- _WHAT IS BEING ASKED_
In your copy of the data, include no pictures and alter nothing else.

- _SUPPLIED MATERIAL_
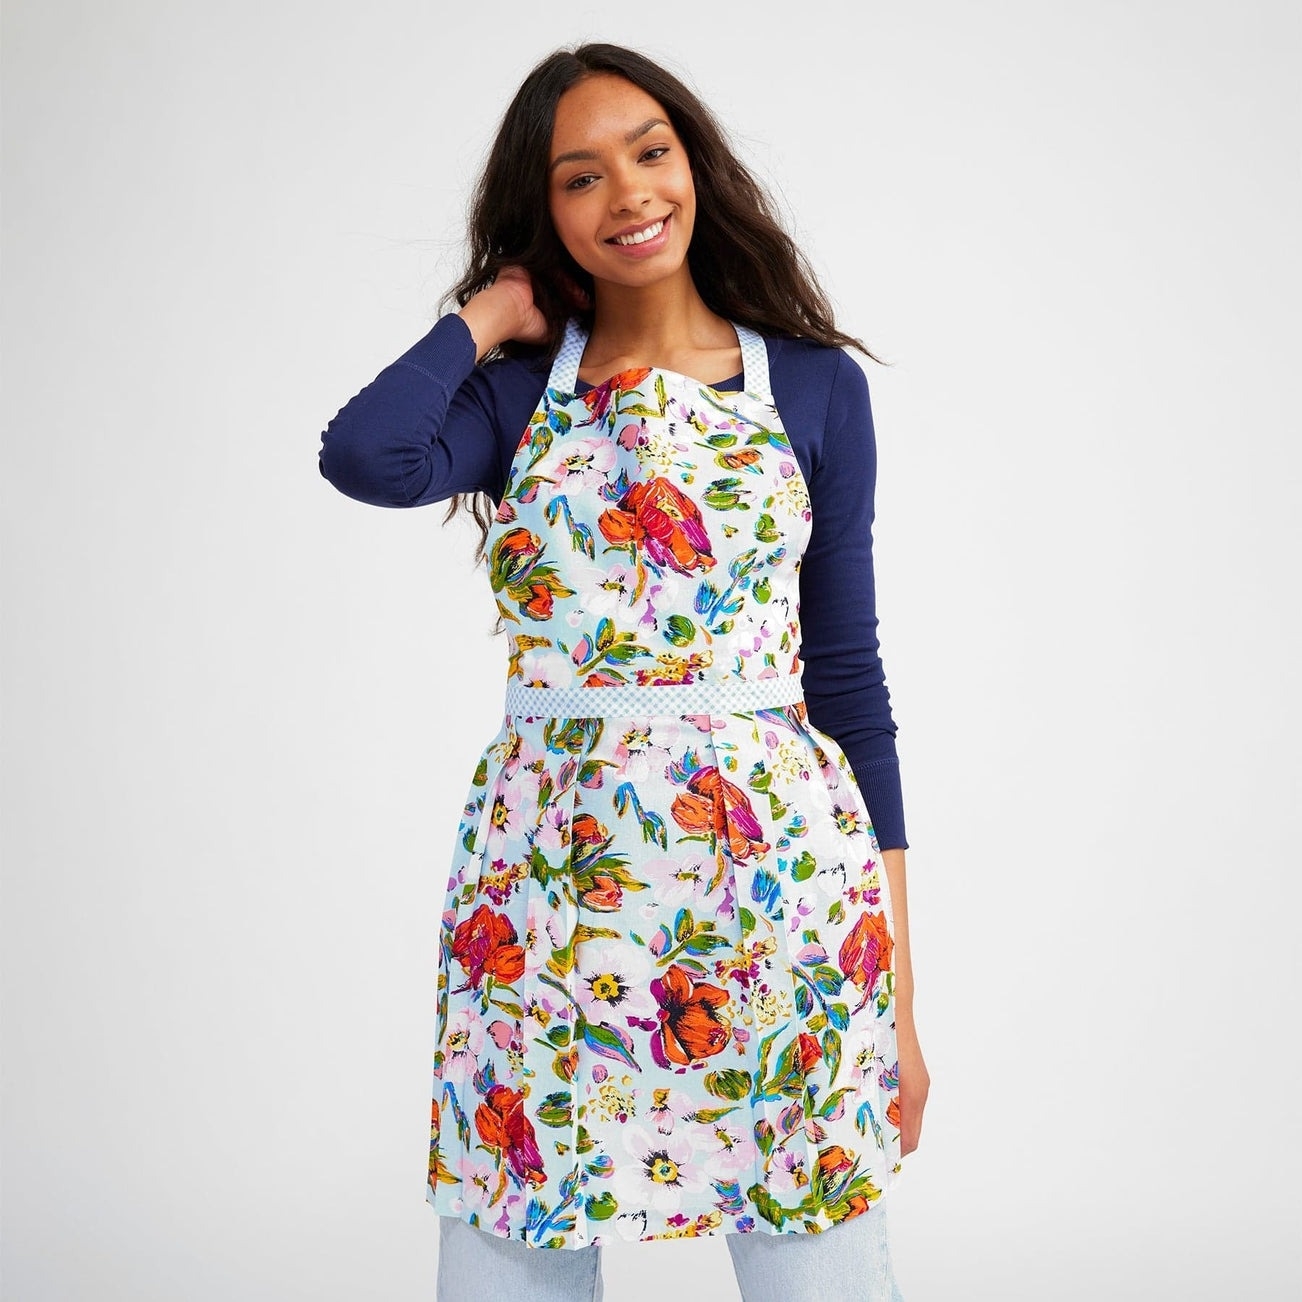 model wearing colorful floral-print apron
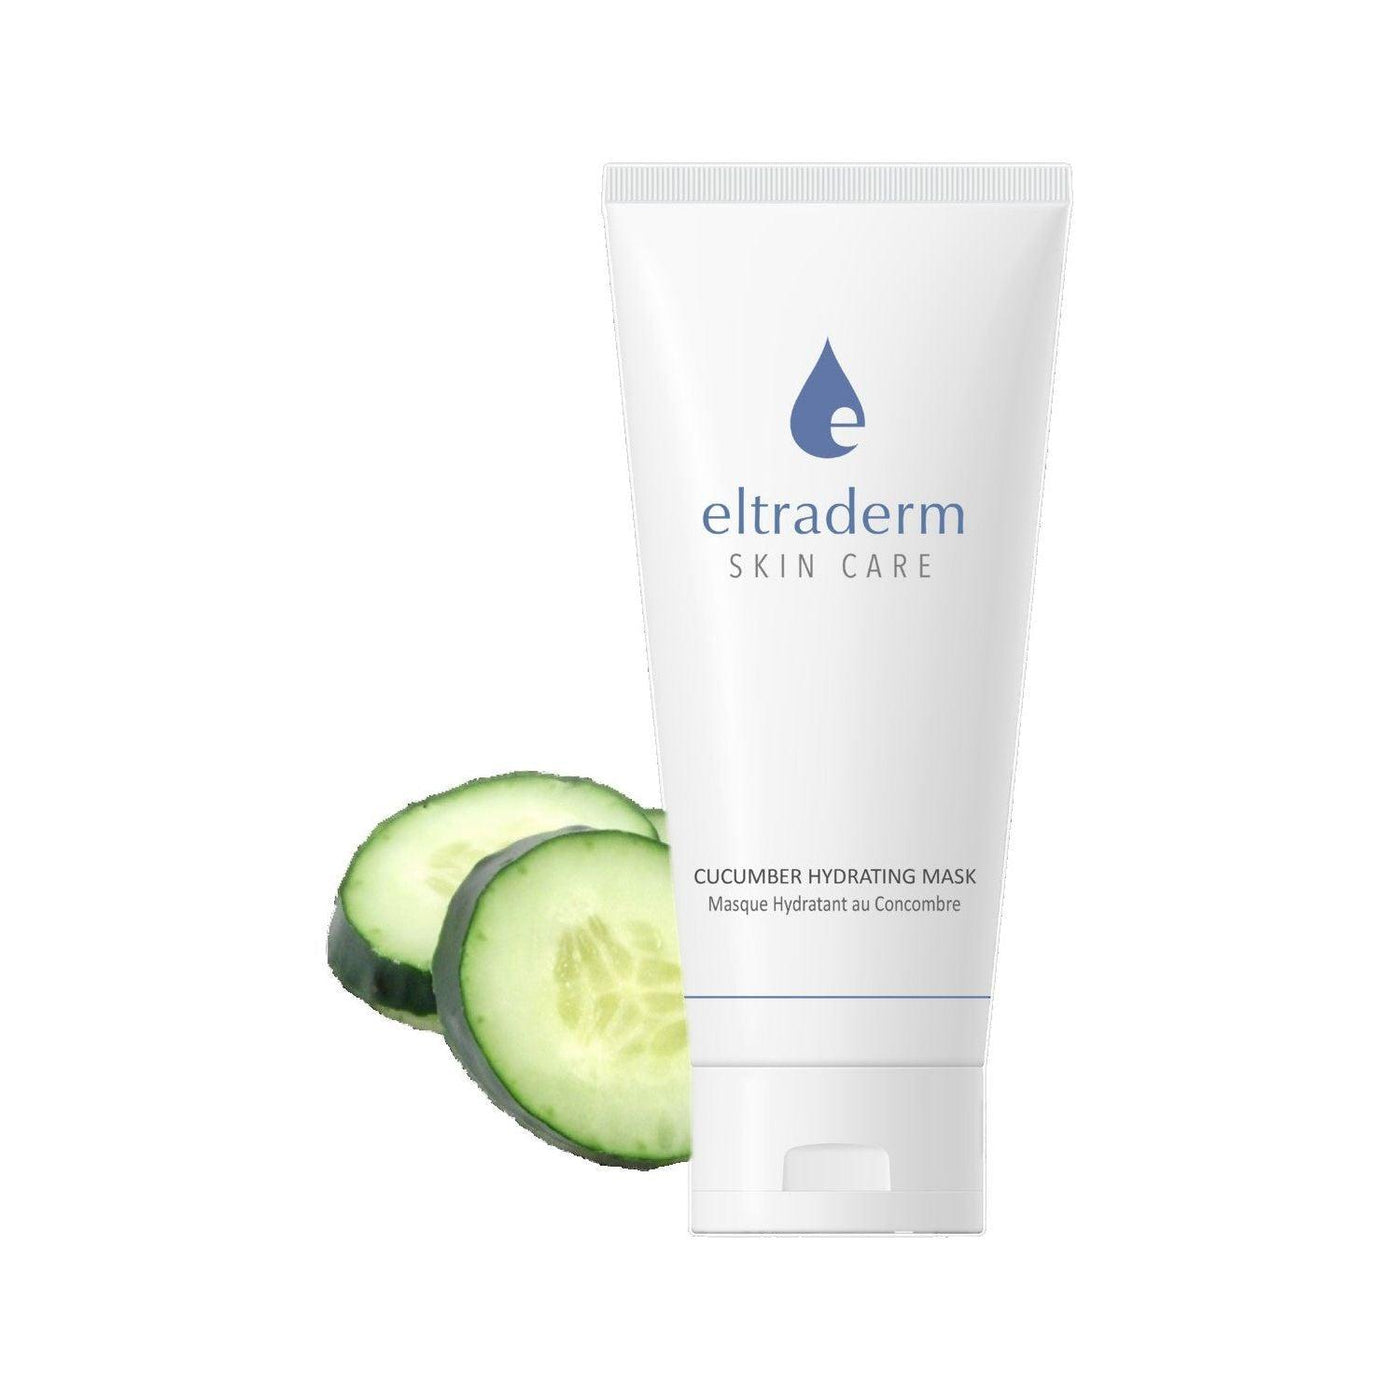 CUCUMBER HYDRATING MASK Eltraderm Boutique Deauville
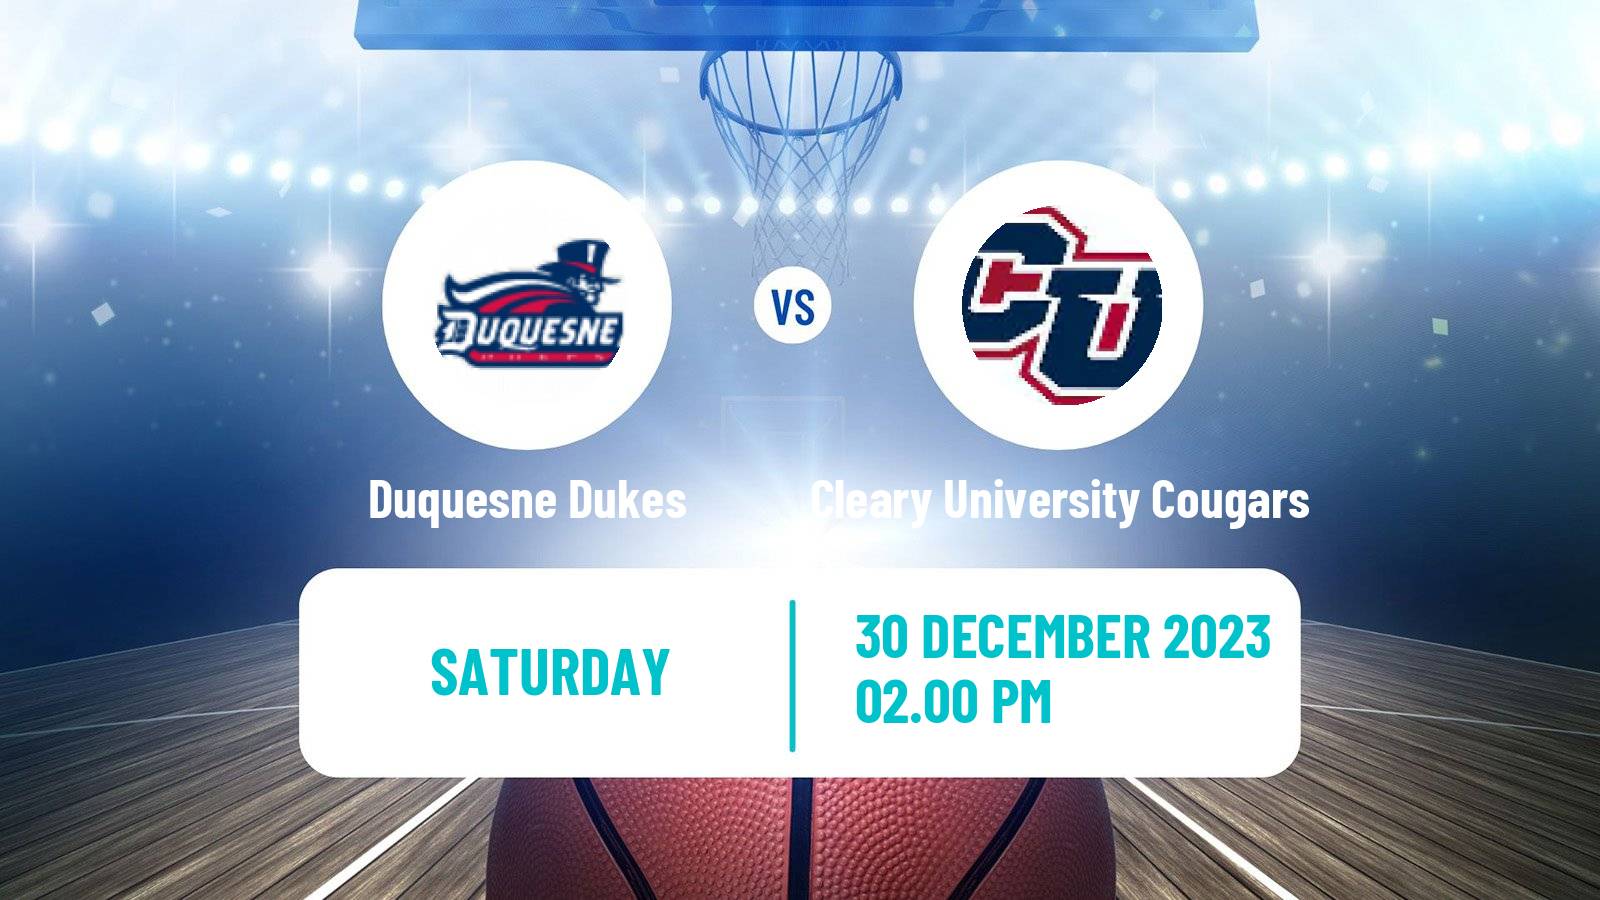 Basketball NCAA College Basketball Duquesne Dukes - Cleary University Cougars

- _ANSWER BOX_
 model wearing colorful floral-print apron
 CUCUMBER HYDRATING MASK Eltraderm Boutique Deauville
 Basketball NCAA College Basketball Duquesne Dukes - Cleary University Cougars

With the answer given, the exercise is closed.